Posted 16 June 2014 - 02:27 PM
FH,
wellbutrin XL 300 mg, which has worked fine for years as long as it's the brand...my depression, as I've said before, seems to be the dopamine deficient kind....
(I had nightmare reactions to the generic, bupropion, back in 2005, when I ended up in the hospital with uncontrolled projectile vomiting, and in 2007, when I had a psychotic episode and ended up in the snake farm....for at least overnight, but it could have been several days...I have zero recollection....)
Diazepam, 2 mg a day, which I take in 1 mg doses, 12 hours apart.....
My usual supplements, vitamin, fish oil, magnesium, b complex....

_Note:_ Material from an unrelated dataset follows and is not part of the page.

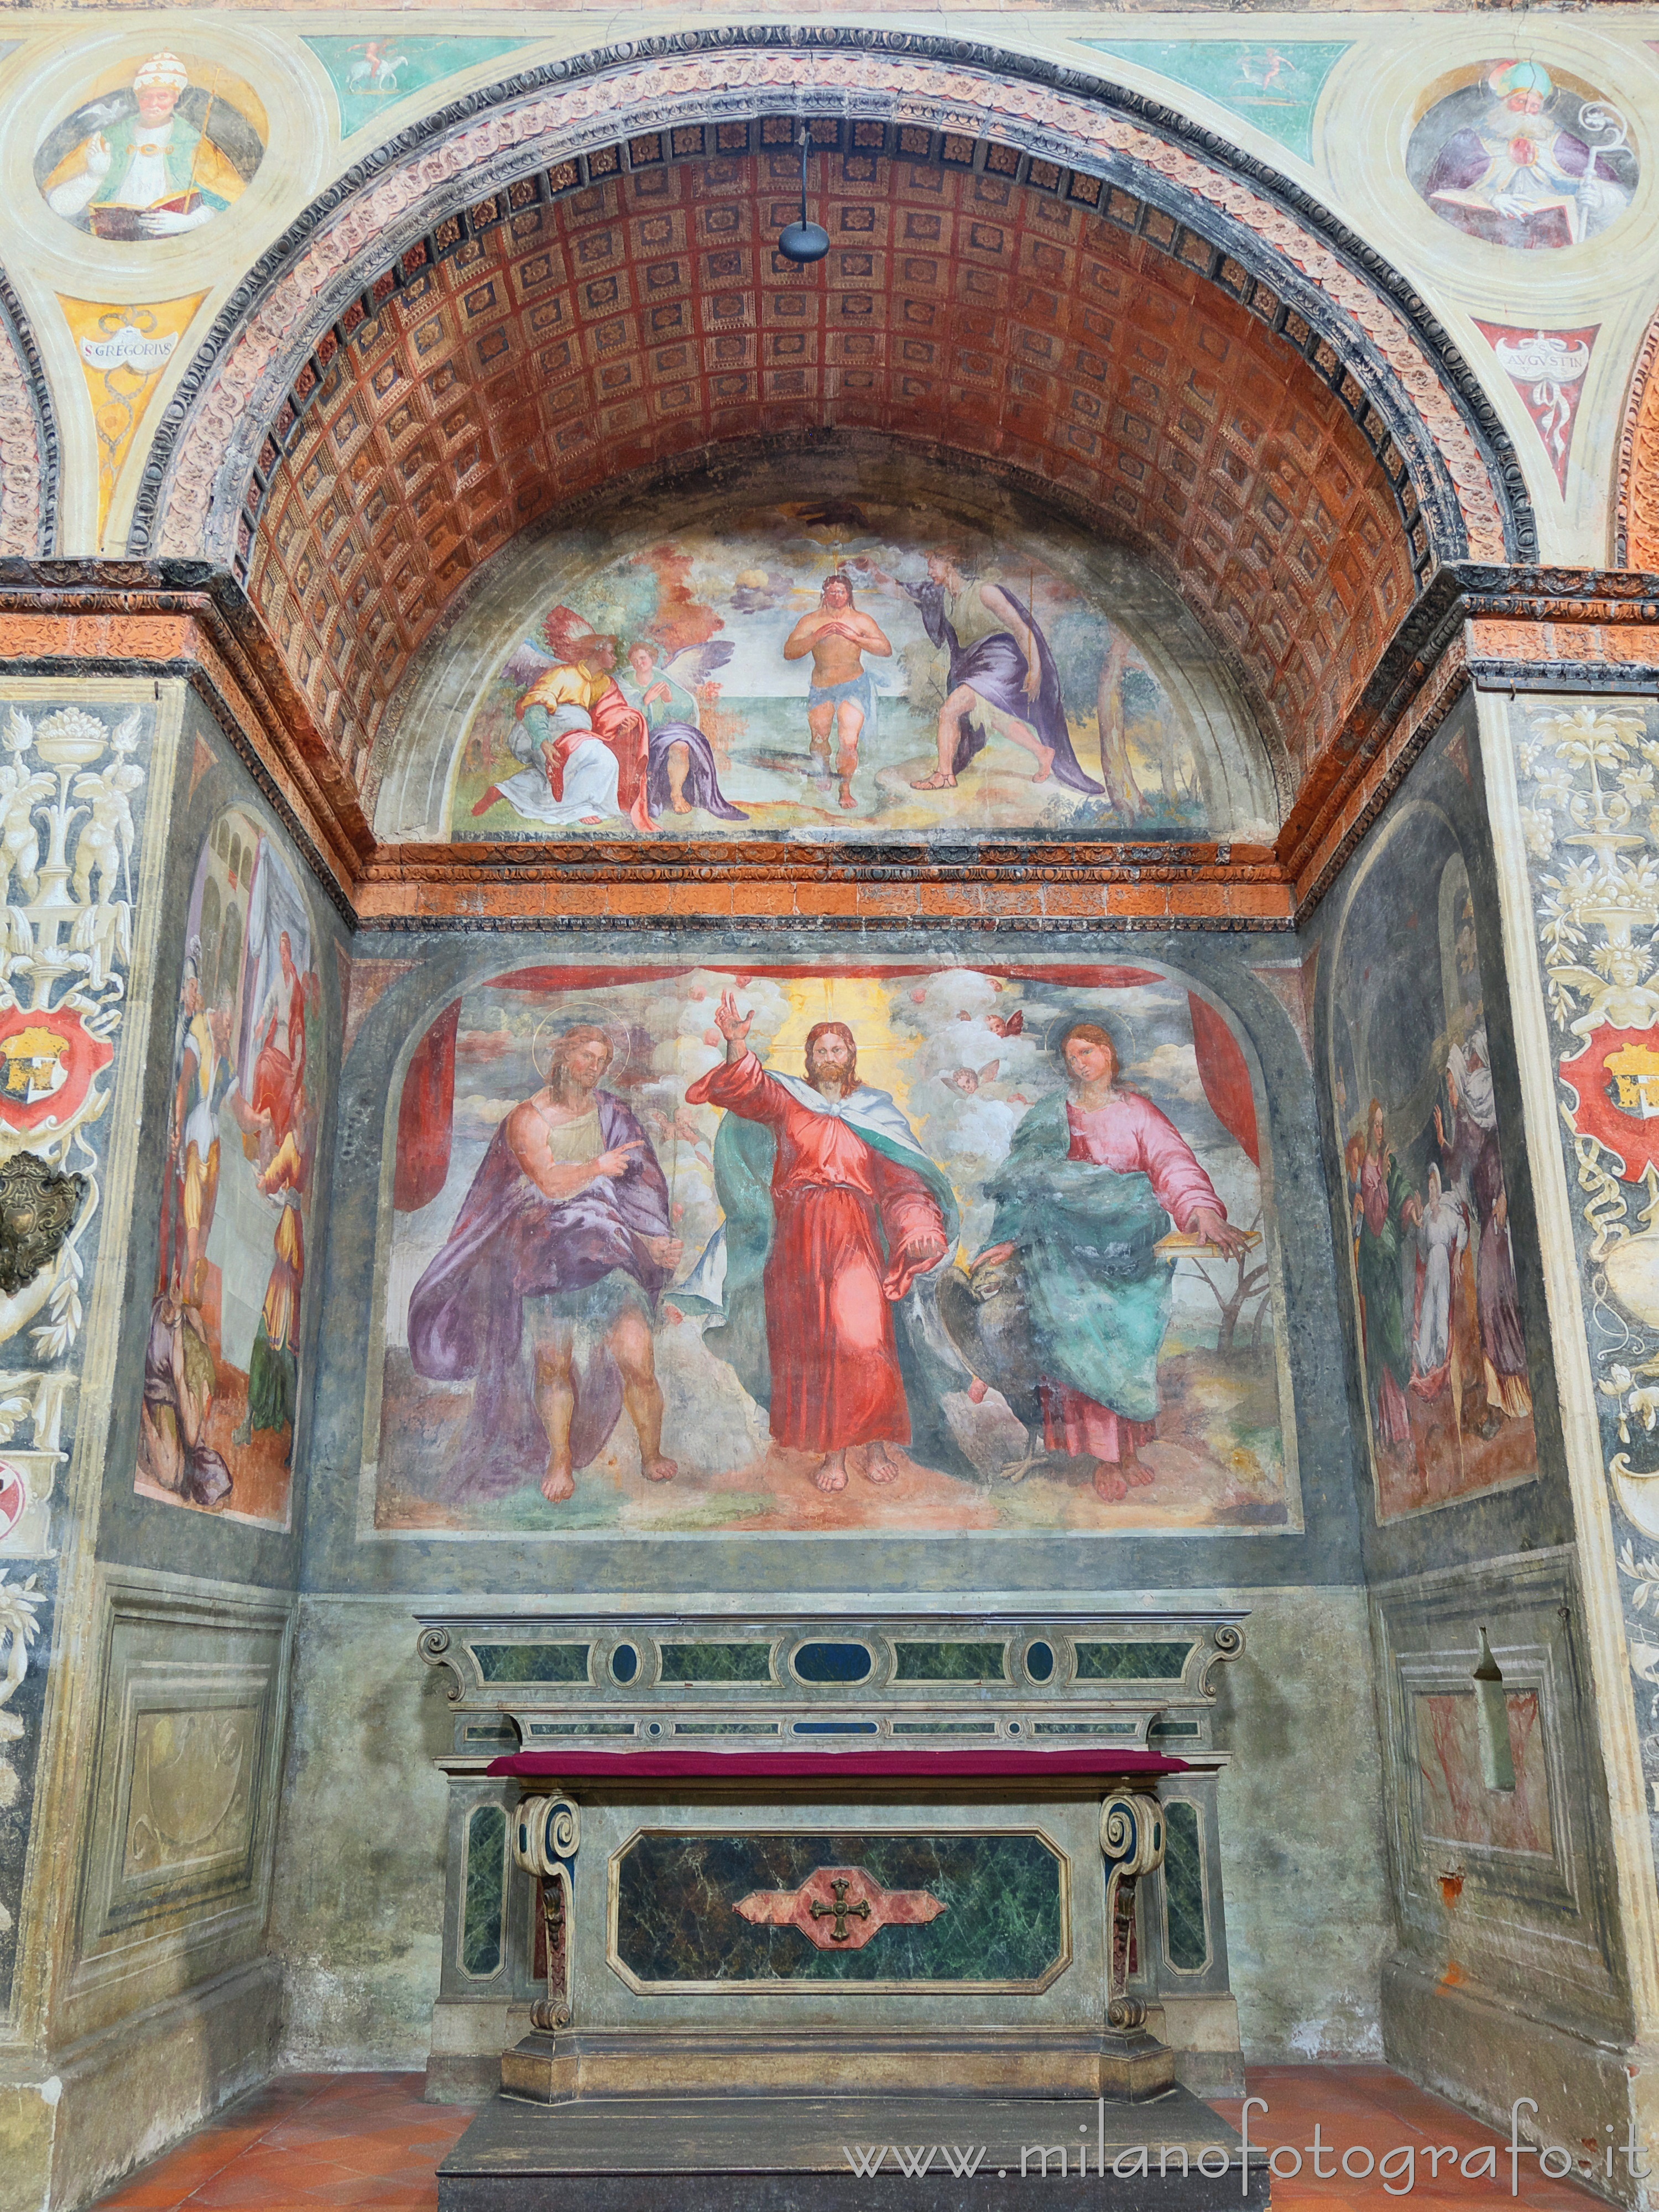 Soncino (Cremona, Italy): Chapel of the Saints John the Baptist and Evangelist in the Church of Santa Maria delle Grazie - Soncino (Cremona, Italy)

I believe that the anxiety tailspin was building, and finally blew up related to my returning chunks of memory, and the overwhelming reaction I've had to what I've remembered...failure to file taxes, spending thousand of dollars doing weird online shopping, the extent to which I was drinking, old cat poop in the closet, months of unwashed laundry, and a number of deeply damaged relationships I caused.....
In addition, I started recognizing the extent of the damage to my cognitive functions....I can't even read a bus schedule correctly now, I keep missing my subway stop for my apartment building, I can't read out loud well anymore, I mispronounce words...on and on...and more to come most likely....
My already fragile circuits just plain overloaded and fried out....I just collapsed in shame and horror, and despair at how I can find a way to make these things right when I can't even find good medical and psych help....
The diazepam is helping me stay stable and to begin to work through these things, one at a time, with some degree of priority...and to begin to reach out to reconnect with a couple of friends and to start attending NA meetings.